David Dower Leech (9 March 1927 – 21 October 2017) was a New Zealand hammer thrower and athletics official. He represented his country at the 1962 British Empire and Commonwealth Games. In 1997, he won a World Masters hammer throw title in the M70 category.

==Early life and family==
Leech was born in Christchurch on 9 March 1927. He was educated at St Bede's College, and then studied at Canterbury College and Christchurch Teachers' College, becoming a primary school teacher. He married Patricia Elizabeth Hastie in 1955, and the couple went on to have three children.

==Athletics==

===National competition===
Leech won his first national hammer throw championship in 1952, with a distance of 142 ft 8 in. It was another 10 years before he won a second national, with a best throw of 169 ft 1/2 in in 1962. He went on to win the national title on four occasions in all, with successive victories in 1964 and 1965. His best winning throw was 177 ft 6 in in 1964, when he became the first New Zealander to achieve a distance of over 54 metres.

Leech held the New Zealand residents' record for the hammer throw from 1962 to 1967.

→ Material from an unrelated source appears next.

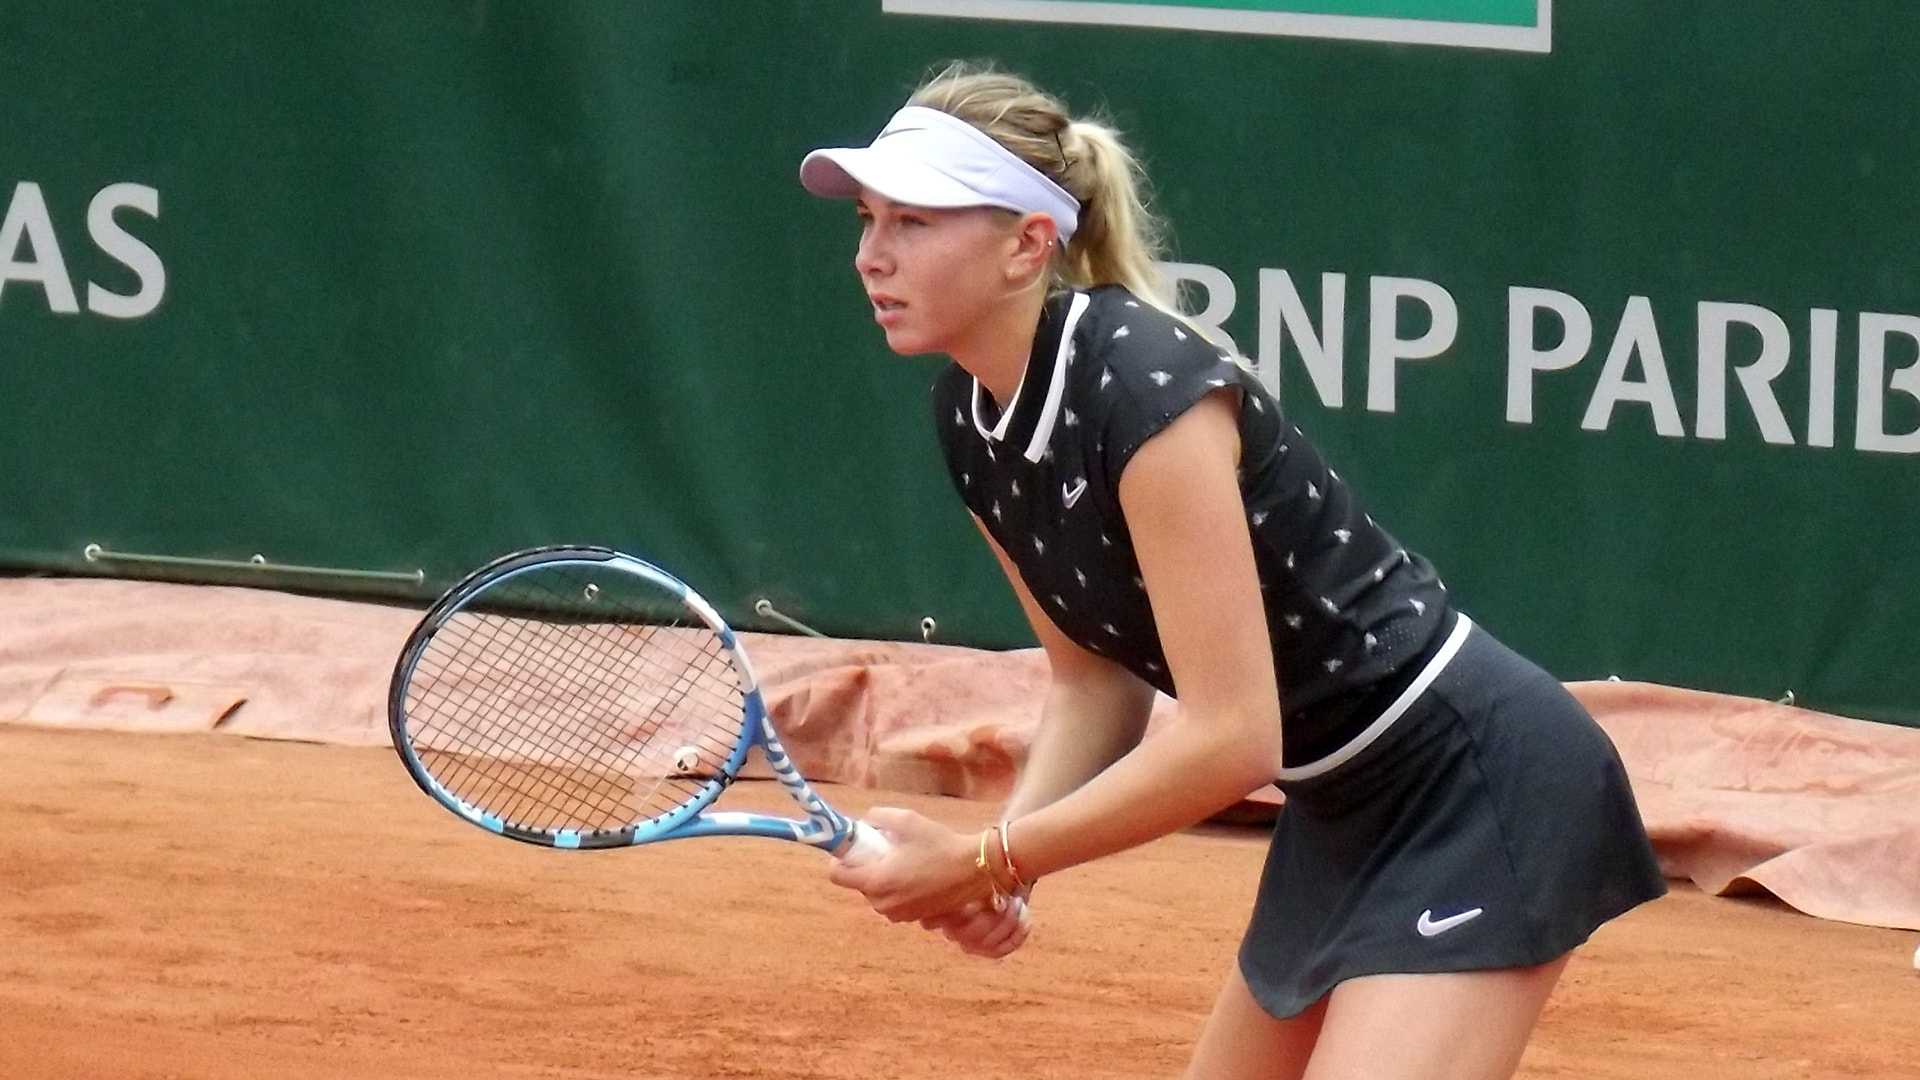 Amanda Anisimova at Roland Garros 2019

===International competition===
At the 1962 British Empire and Commonwealth Games in Perth, Leech represented New Zealand in the hammer throw. He finished in seventh place with a best throw of 166 ft 5+1/2 in.

===Masters athletics===
Leech went on to be active in Masters athletics. Between 1976 and 2014, he won 20 age-group titles in the hammer throw at New Zealand Masters championships, and he won a world Masters hammer throw bronze medal in the M70 category at the 1997 World Veterans Athletics Championships.

===Management===
At the 1974 British Commonwealth Games in Christchurch, Carr was a New Zealand's athletics section assistant manager, and two years later he was the athletics section manager for the New Zealand team at the 1976 Summer Olympics in Montreal. He received a merit award from Athletics New Zealand in 1988, and was awarded life membership of Athletics Canterbury in 1988. In 1990, Leech was awarded the New Zealand 1990 Commemoration Medal.

==Working life==
After a period as a teacher, Leech spent the rest of his working life, from 1958 to 1992, with the New Zealand Probation Service, first as a probation officer and later as a probation manager.

==Death==
Leech died in Christchurch on 21 October 2017. His wife, Pat, died in 2021.